Provided records below:

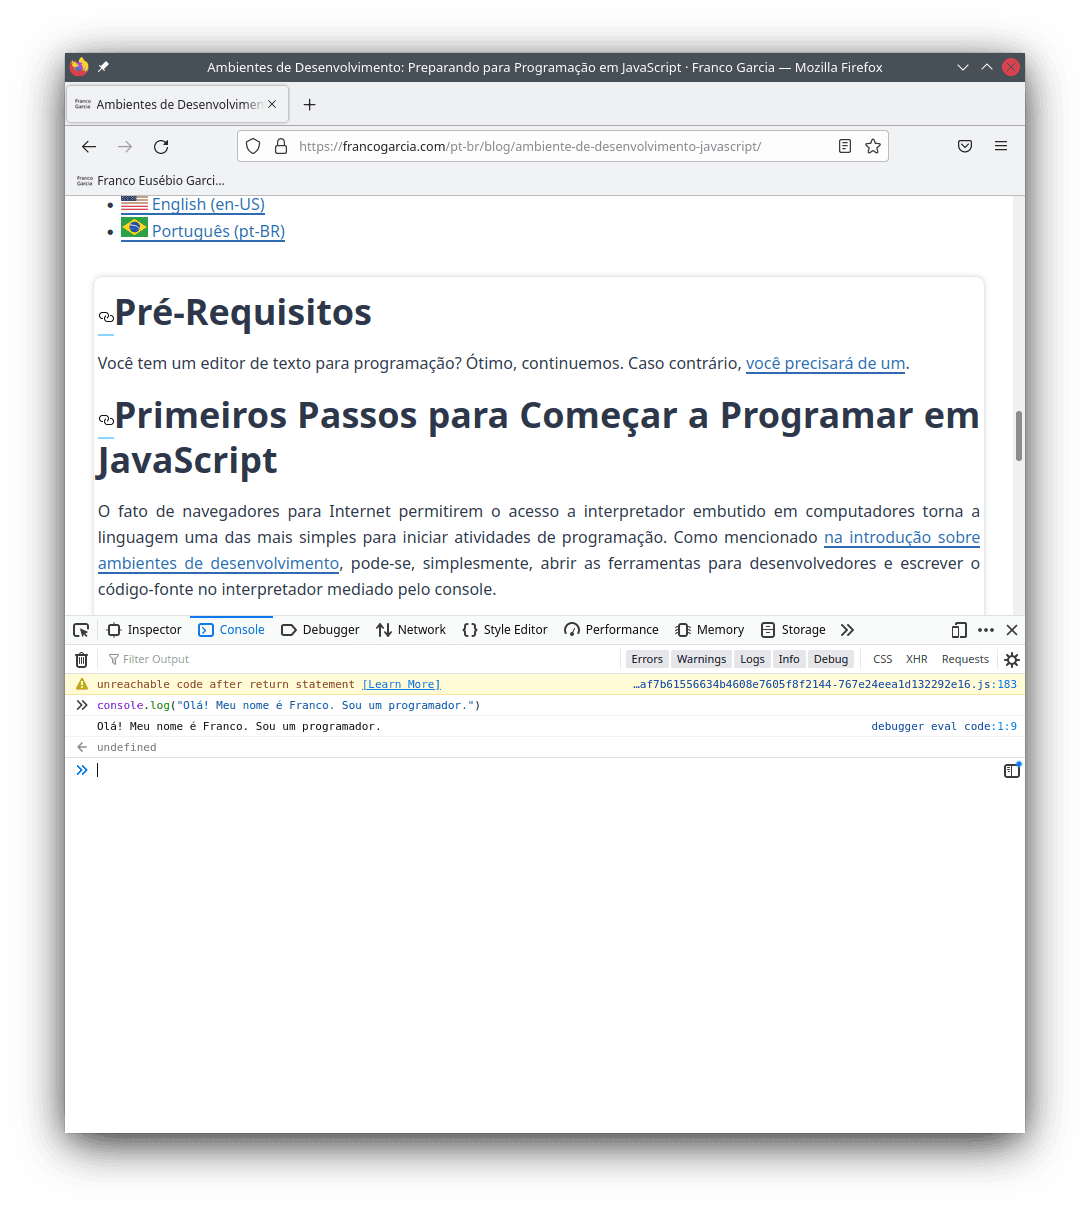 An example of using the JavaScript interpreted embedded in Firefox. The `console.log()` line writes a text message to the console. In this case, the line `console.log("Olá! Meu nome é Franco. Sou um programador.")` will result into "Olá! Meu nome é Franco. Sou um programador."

End of Provided records.
Provided records below:

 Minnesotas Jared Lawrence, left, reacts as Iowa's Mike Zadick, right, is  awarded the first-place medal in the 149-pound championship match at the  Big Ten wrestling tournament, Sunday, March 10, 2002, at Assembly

End of Provided records.
Provided records below:

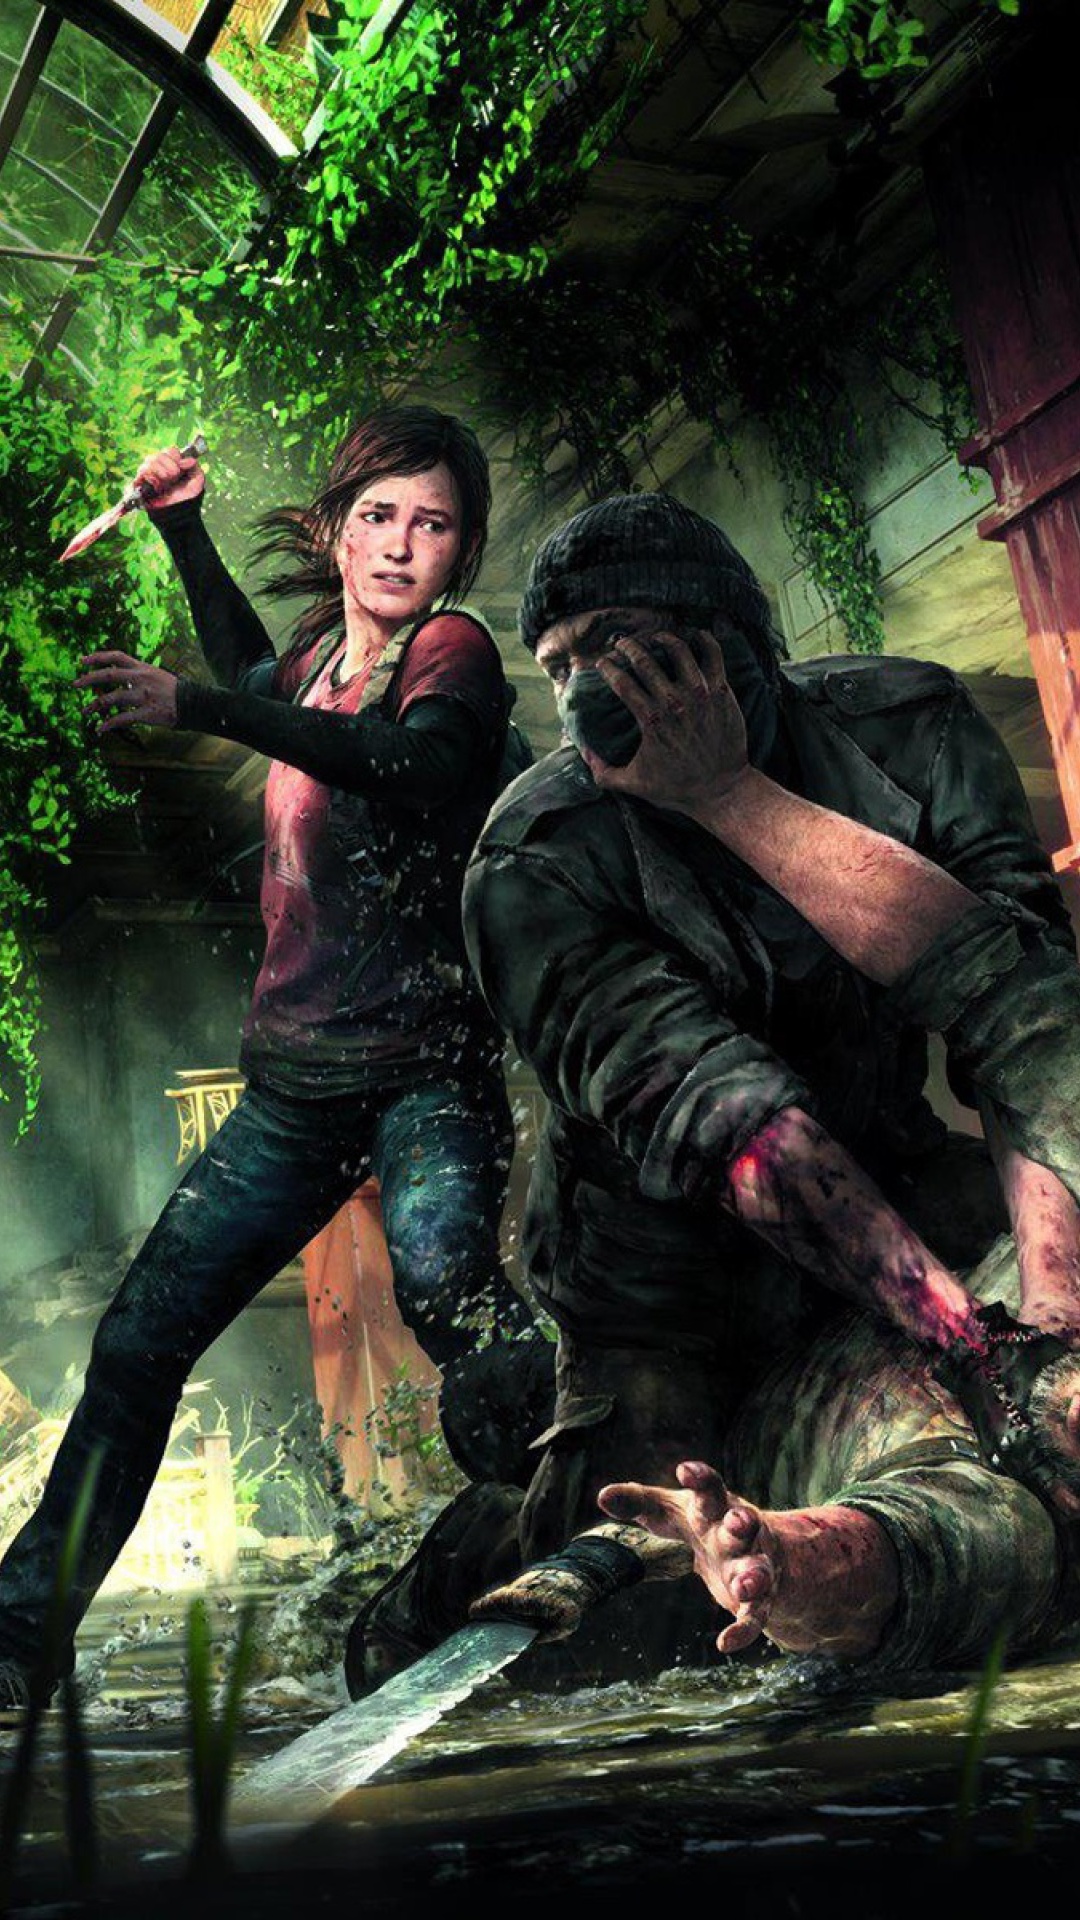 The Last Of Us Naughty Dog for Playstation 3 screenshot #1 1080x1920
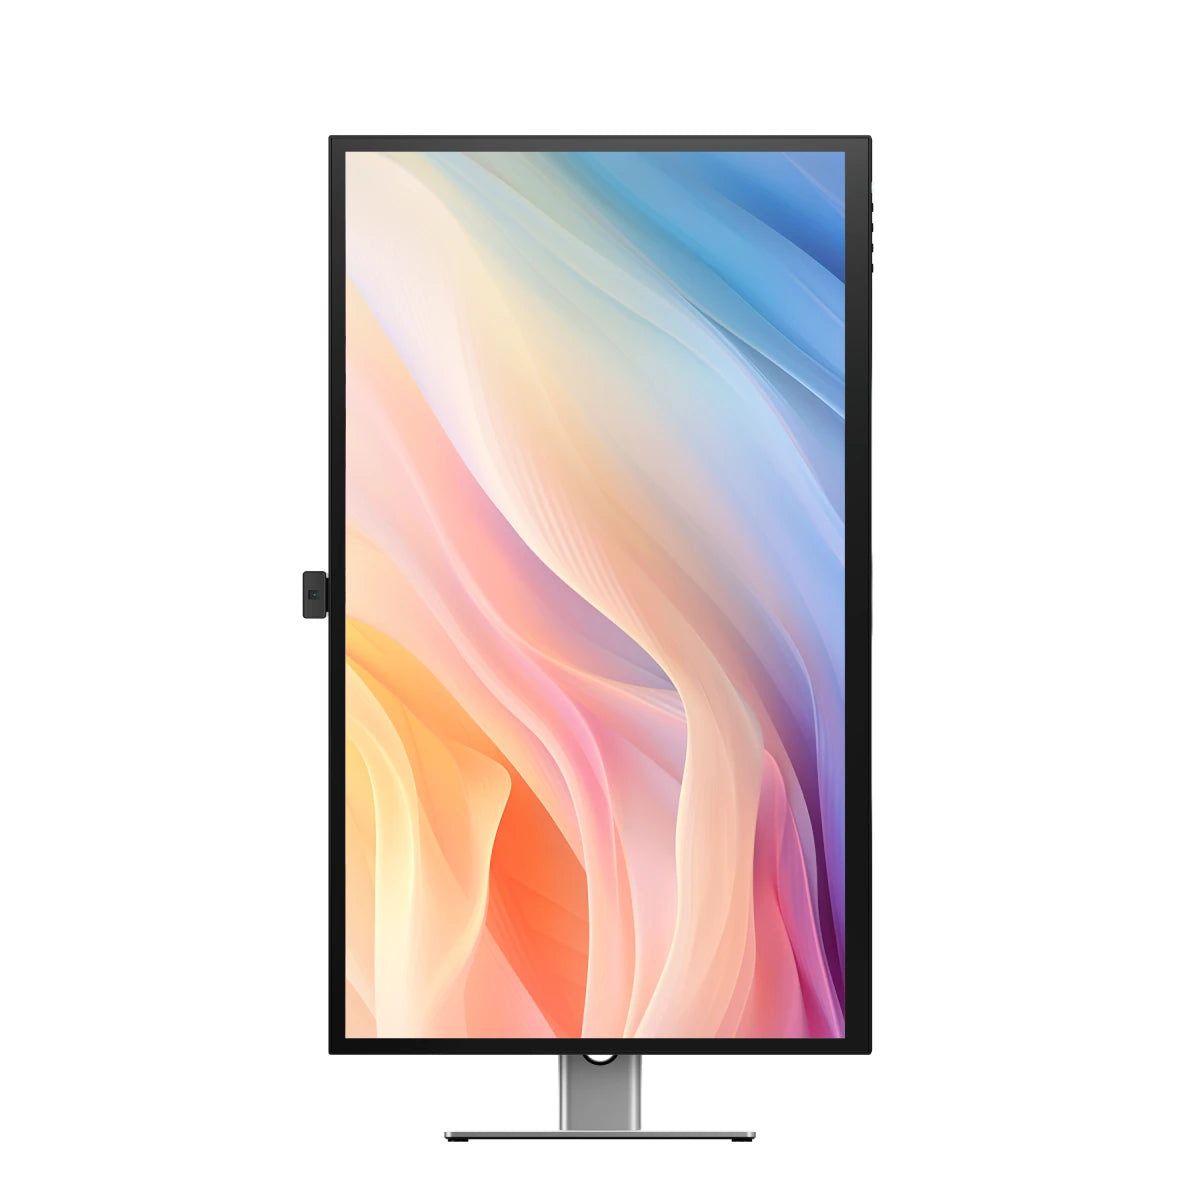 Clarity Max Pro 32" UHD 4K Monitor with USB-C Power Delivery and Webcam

End of Provided records.

Return exactly the lines above, from the one with "The Last Of" up to and including the one with "Clarity Max Pro", and include no pictures.

• **Solved exercise**
 The Last Of Us Naughty Dog for Playstation 3 screenshot #1 1080x1920
 Clarity Max Pro 32" UHD 4K Monitor with USB-C Power Delivery and Webcam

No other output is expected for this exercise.